Since I just have one mosh connection at a time, I need to have some tabs. Most people probably already use screen or tmux anyway. I have a basic tmux setup, with ten or so tabs, each with a two-letter name just to keep things a bit neater.

tmux resurrect is the only tmux add-on I use. It works ok: if your server needs to restart, tmux resurrect will at least rememeber the names of your tabs.

Autossh

Mosh works amazingly well for a primary ssh connection, but to run everything on the cloud I also need a few ssh tunnels. Mosh cannot do this, so instead I need to use autossh. Like mosh, autossh tries to keep a connection open indefinitely. It seems to be slightly less reliable and fiddlier to set up than mosh, but has been working great for me recently.

Here's the command I use, based on this article and others. It took a while to get working via trial and error, so there may well be better ways. The ssh part of this autossh command comes from running gcloud compute ssh --dry-run.

autossh -M 0 -o "ServerAliveInterval 30" -o "ServerAliveCountMax 3" -f -t -i $HOME/.ssh/google_compute_engine -o CheckHostIP=no -o HostKeyAlias=compute.1234567890 -o IdentitiesOnly=yes -o StrictHostKeyChecking=yes -o UserKnownHostsFile=/Users/briann/.ssh/google_compute_known_hosts brian@12.345.67.890 -N -L 2288:localhost:8888 -L 2280:localhost:8880 -L 8385:localhost:8384 -L 2222:localhost:22 -L 8443:localhost:8443

The tunnels I set up:

  • 2288->8888 : to access jupyter running on my cloud instance (I keep 8888 for local jupyter)
  • 2280->8880 : to access a remote webserver (e.g., if i run python -m http.server on my cloud instance)
  • 8385->8384 : syncthing (see below)
  • 2222->22 : sshfs (see below)
  • 8443->8443 : coder (see below)

So to access jupyter, I just run jupyter notebook in a tmux tab on my cloud box, and go to https://localhost:2288.

To view a file on my cloud box I run python -m http.server on my cloud box, and go to https://localhost:2280.

Syncthing

Syncthing is a dropbox-like tool that syncs files across a group of computers. Unlike dropbox, the connections between machines are direct (i.e., there is no centralized server). It's pretty simple: you run syncthing on your laptop and on your cloud instance, they find each other and start syncing. Since 8384 is the default syncthing port, I can see syncthing's local and remote dashboards on https://localhost:8384 and https://localhost:8385 respectively. In my experience, syncthing works pretty well, but I recently stopped using it because I've found it unnecessary to have files synced to my laptop.

Sshfs

sshfs is a tool that lets you mount a filesystem over ssh. Like syncthing, I also don't use sshfs much any more since it's pretty slow and can fail on occasion. It is handy if you want to browse PDFs or similar files stored on your cloud instance though.

Coder

I recently started using Coder, which is Visual Studio Code (my preferred editor), but running in a browser. Amazingly, it's almost impossible to tell the difference between "native" VS Code (an Electron app) and the browser version, especially if it's running in full-screen mode.

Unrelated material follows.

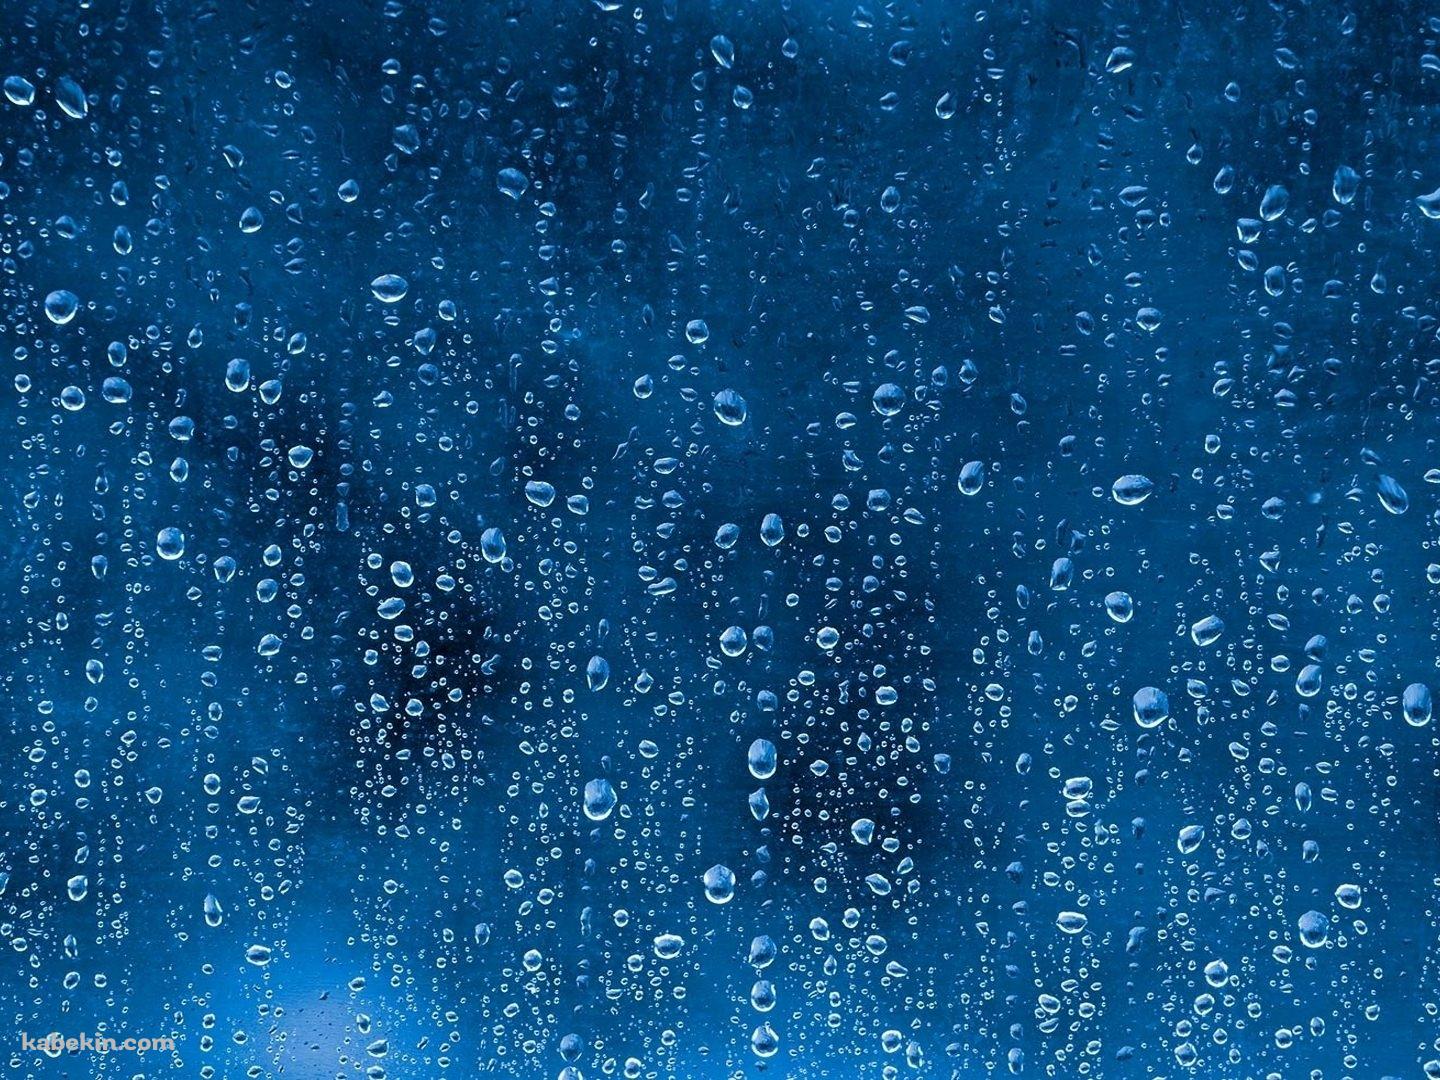 嵐の後の雨の水滴の壁紙(1440px x 1080px) 高画質 PC・デスクトップ用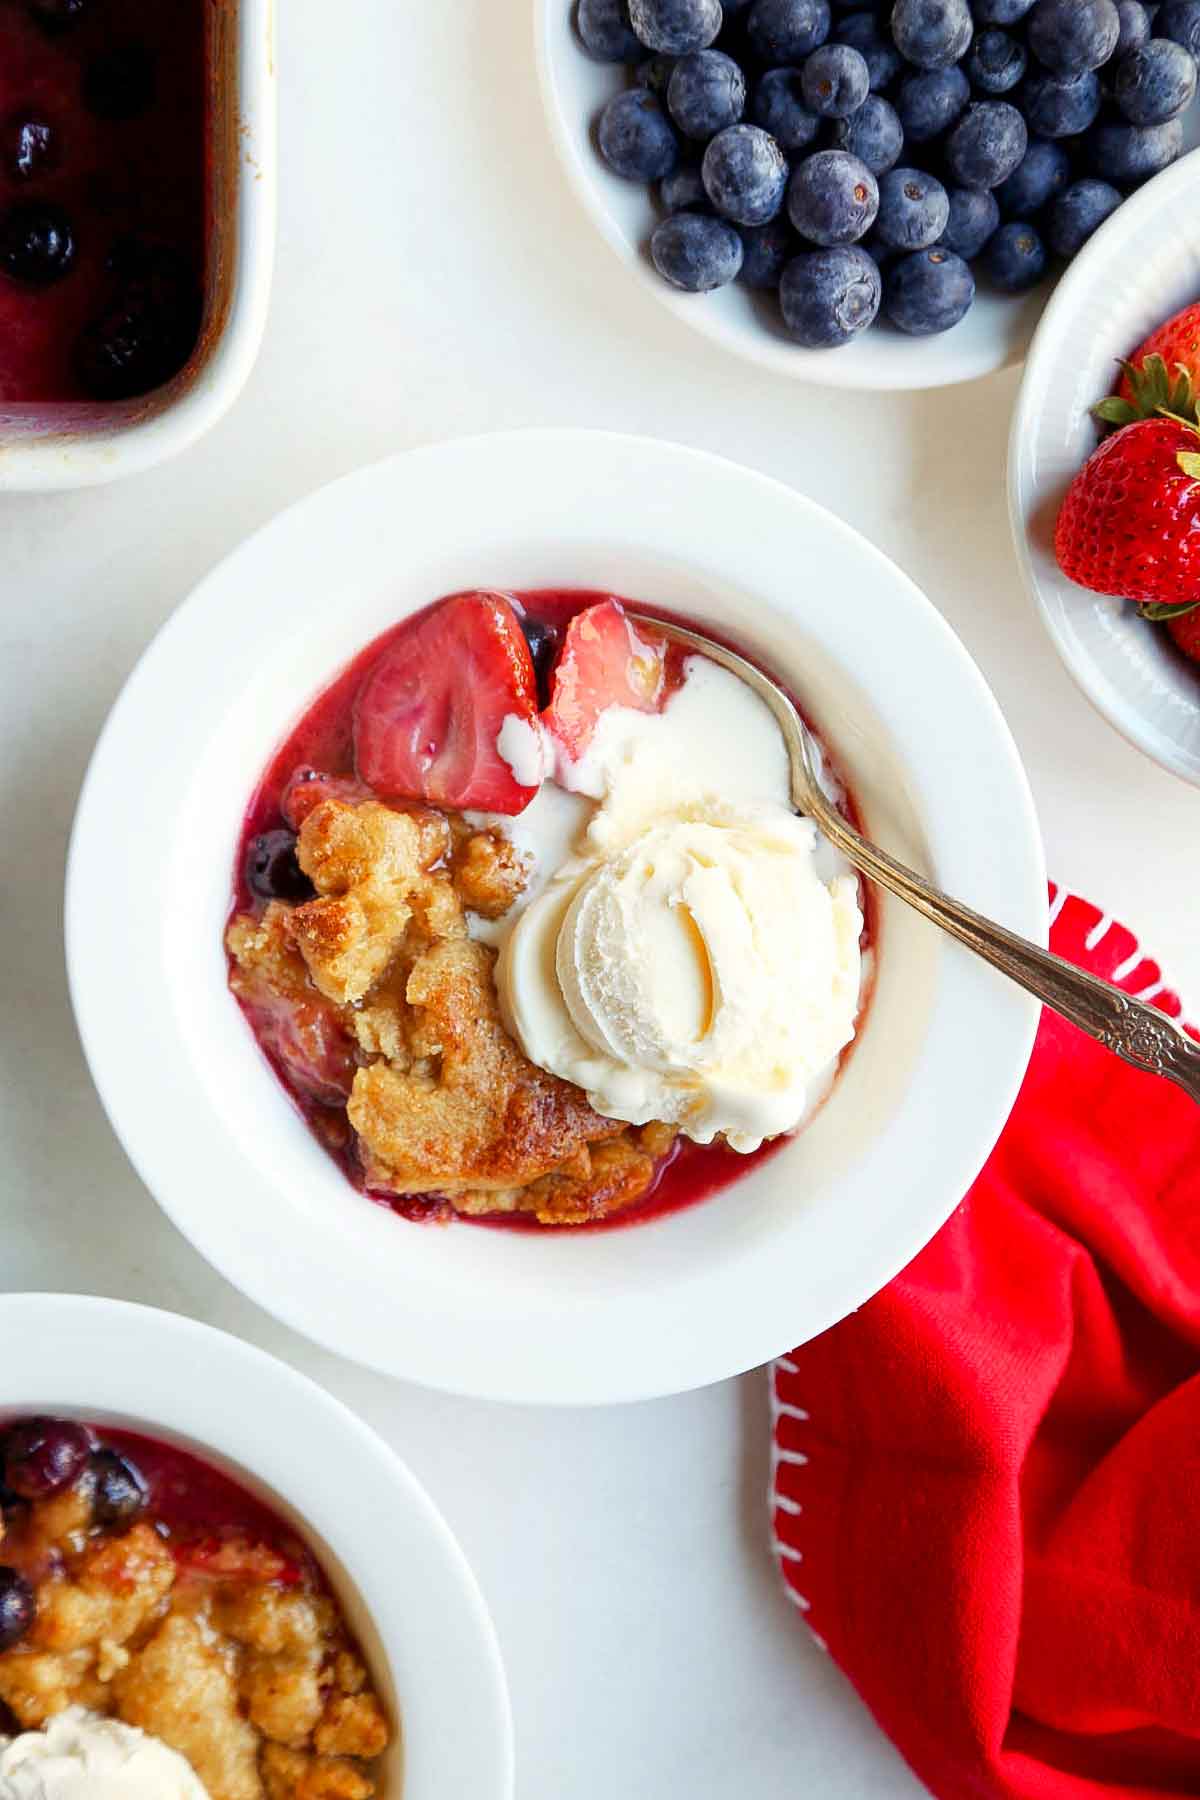 Två vita skålar fyllda med jordgubbsblåbärsskomakare och toppade med glass.

It's very fast to get started. You run this on your cloud instance: docker run -t -p 127.0.0.1:8443:8443 -v "${PWD}:/root/project" codercom/code-server code-server --allow-http --no-auth then go to http://localhost:8443 and that's it!

Coder is new and has had some glitches and limitations for me. For example, I don't know how you are supposed to install extensions without also updating the Docker image, which is less than ideal, and the documentation is minimal. Still, the VS Code team seems to execute very quickly, so I am sticking with it for now. It think it will improve and stabilize soon.

Annoyances

One annoyance with having everything on the cloud is viewing files. X11 is the typical way to solve this problem, but I've never had much success with X11. Even at its best, it's ugly and slow. Most of my graphing, etc. happens in jupyter, so this is usually not a big issue.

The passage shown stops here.